→ The data:
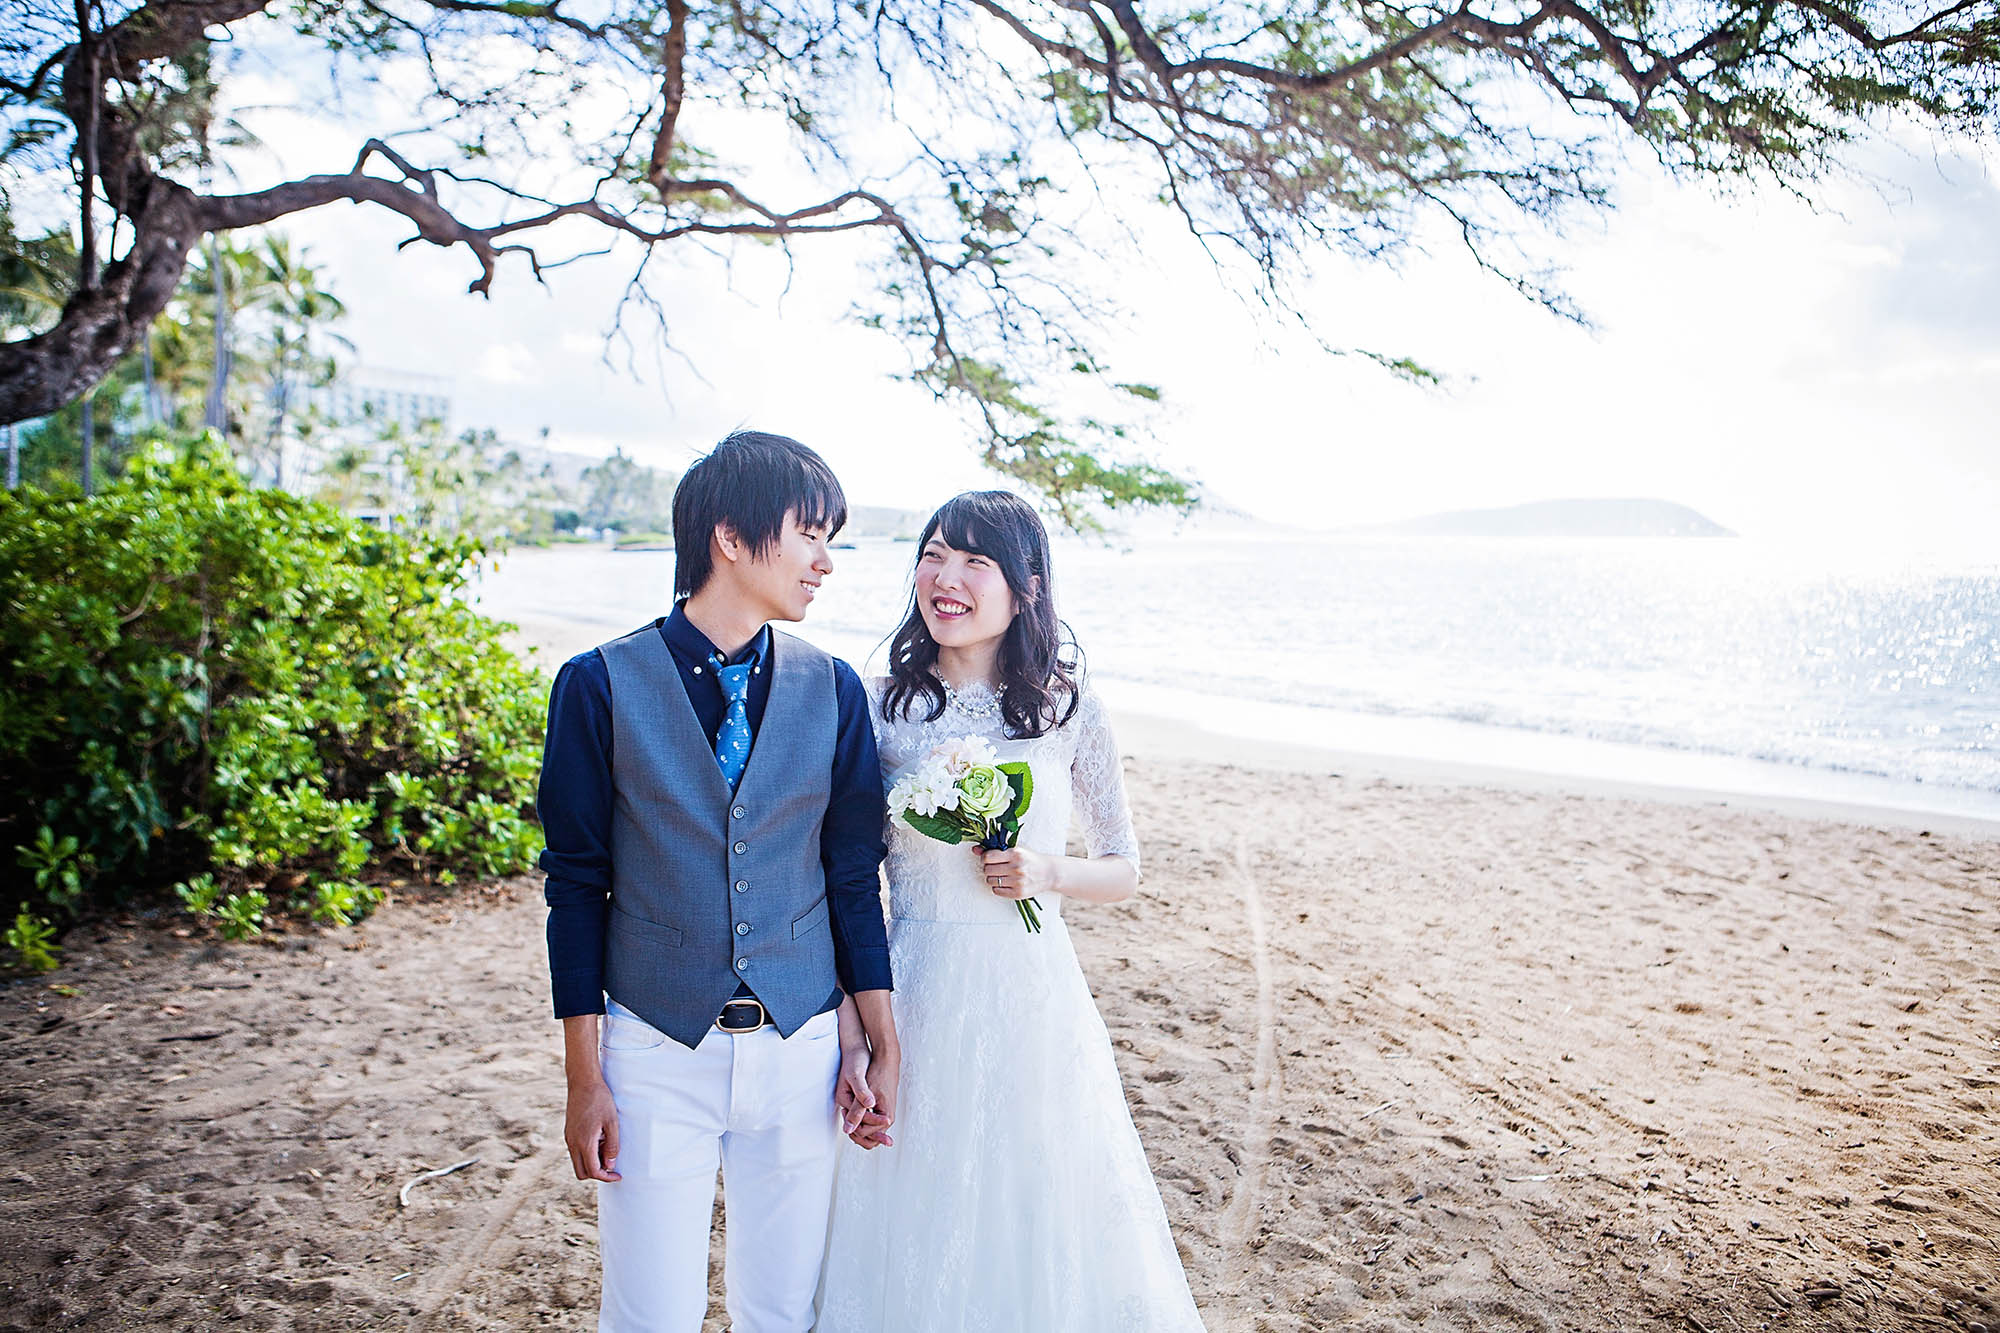 Honolulu wedding photography
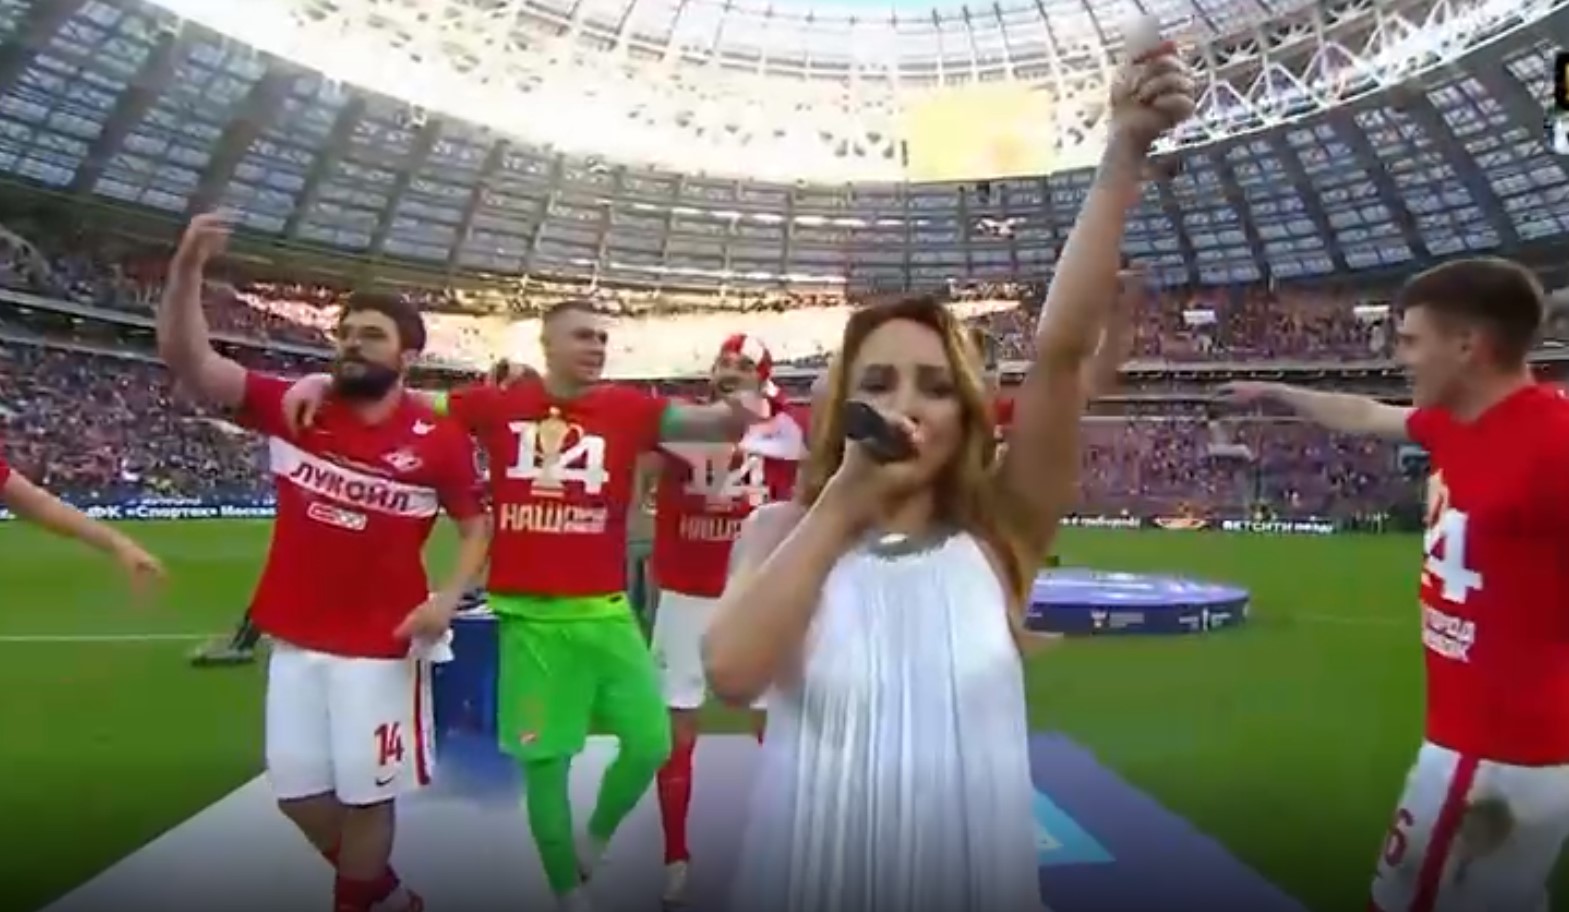 Певица МакSим на Кубке России спела с 70-тысячной толпой «Знаешь ли ты», видео с хитом взорвало Сеть
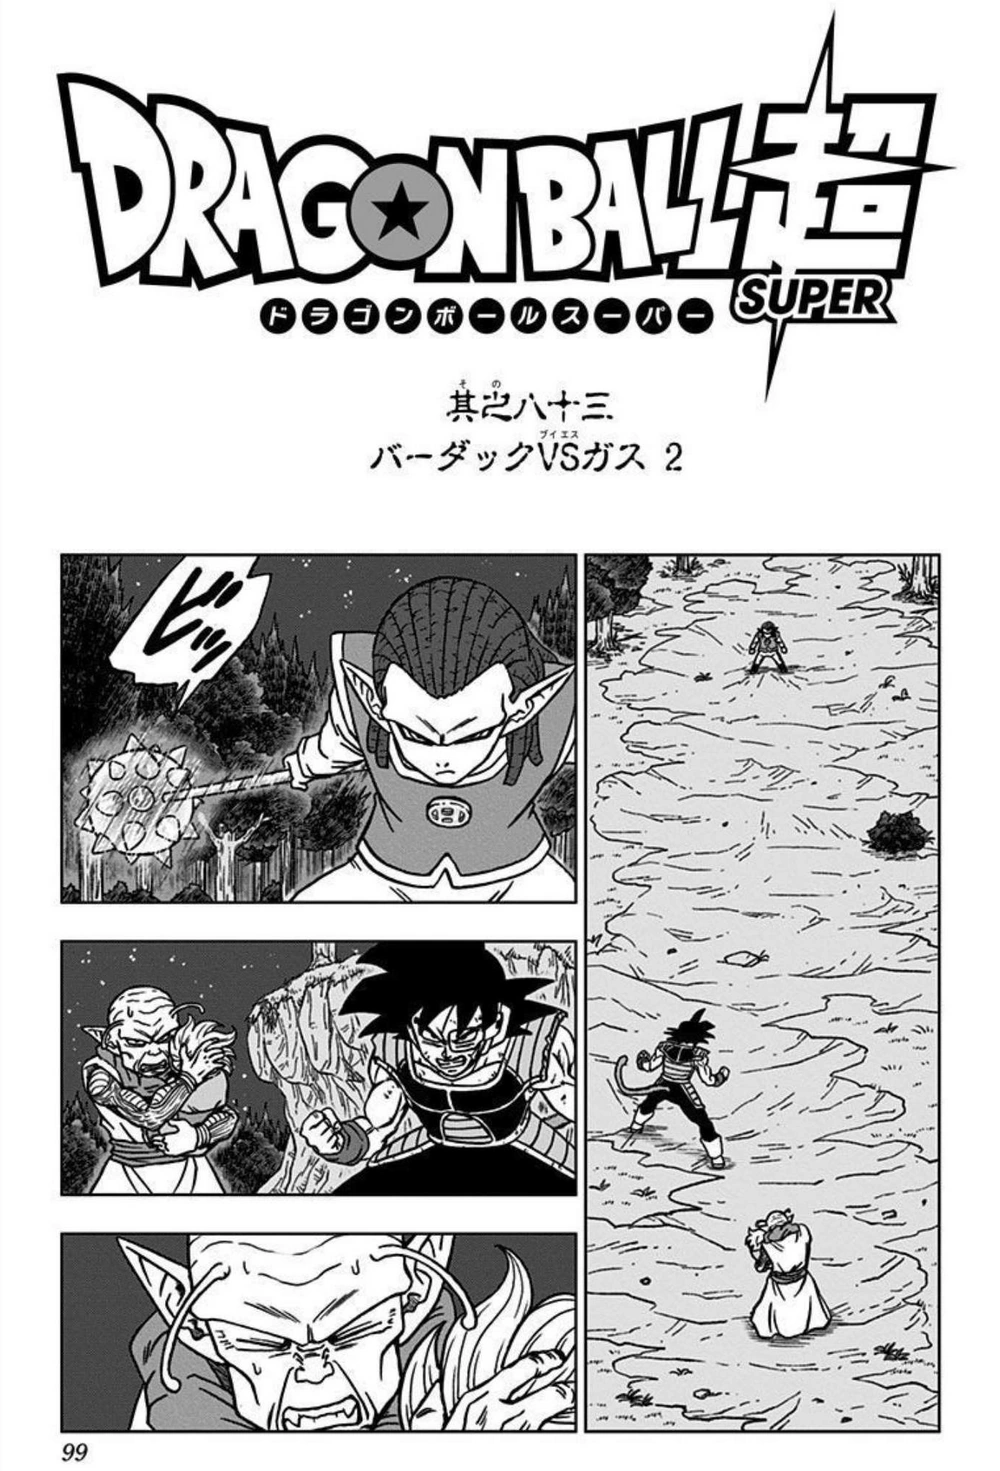 VIZ  Read Dragon Ball, Chapter 91 Manga - Official Shonen Jump From Japan
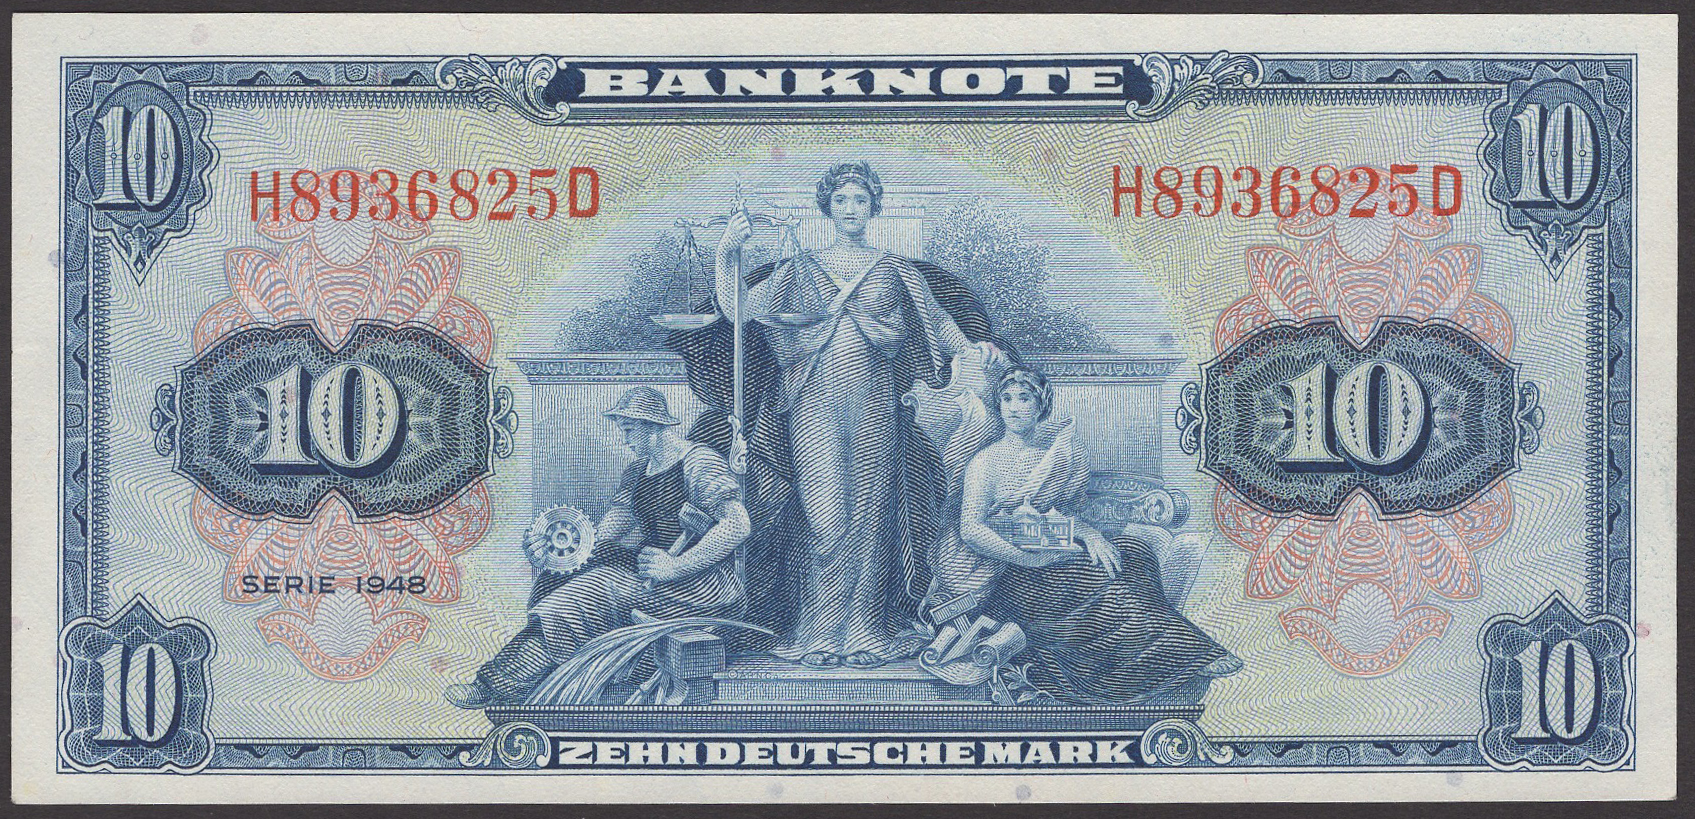 Bank Deutscher Lander, Allied Military Command, 10 Deutsche Mark, 1948, serial number...

→ Activity: Would you retype each line above exactly and skip every image?

→ Response:
 Honolulu wedding photography
 Певица МакSим на Кубке России спела с 70-тысячной толпой «Знаешь ли ты», видео с хитом взорвало Сеть
 VIZ  Read Dragon Ball, Chapter 91 Manga - Official Shonen Jump From Japan
 Bank Deutscher Lander, Allied Military Command, 10 Deutsche Mark, 1948, serial number...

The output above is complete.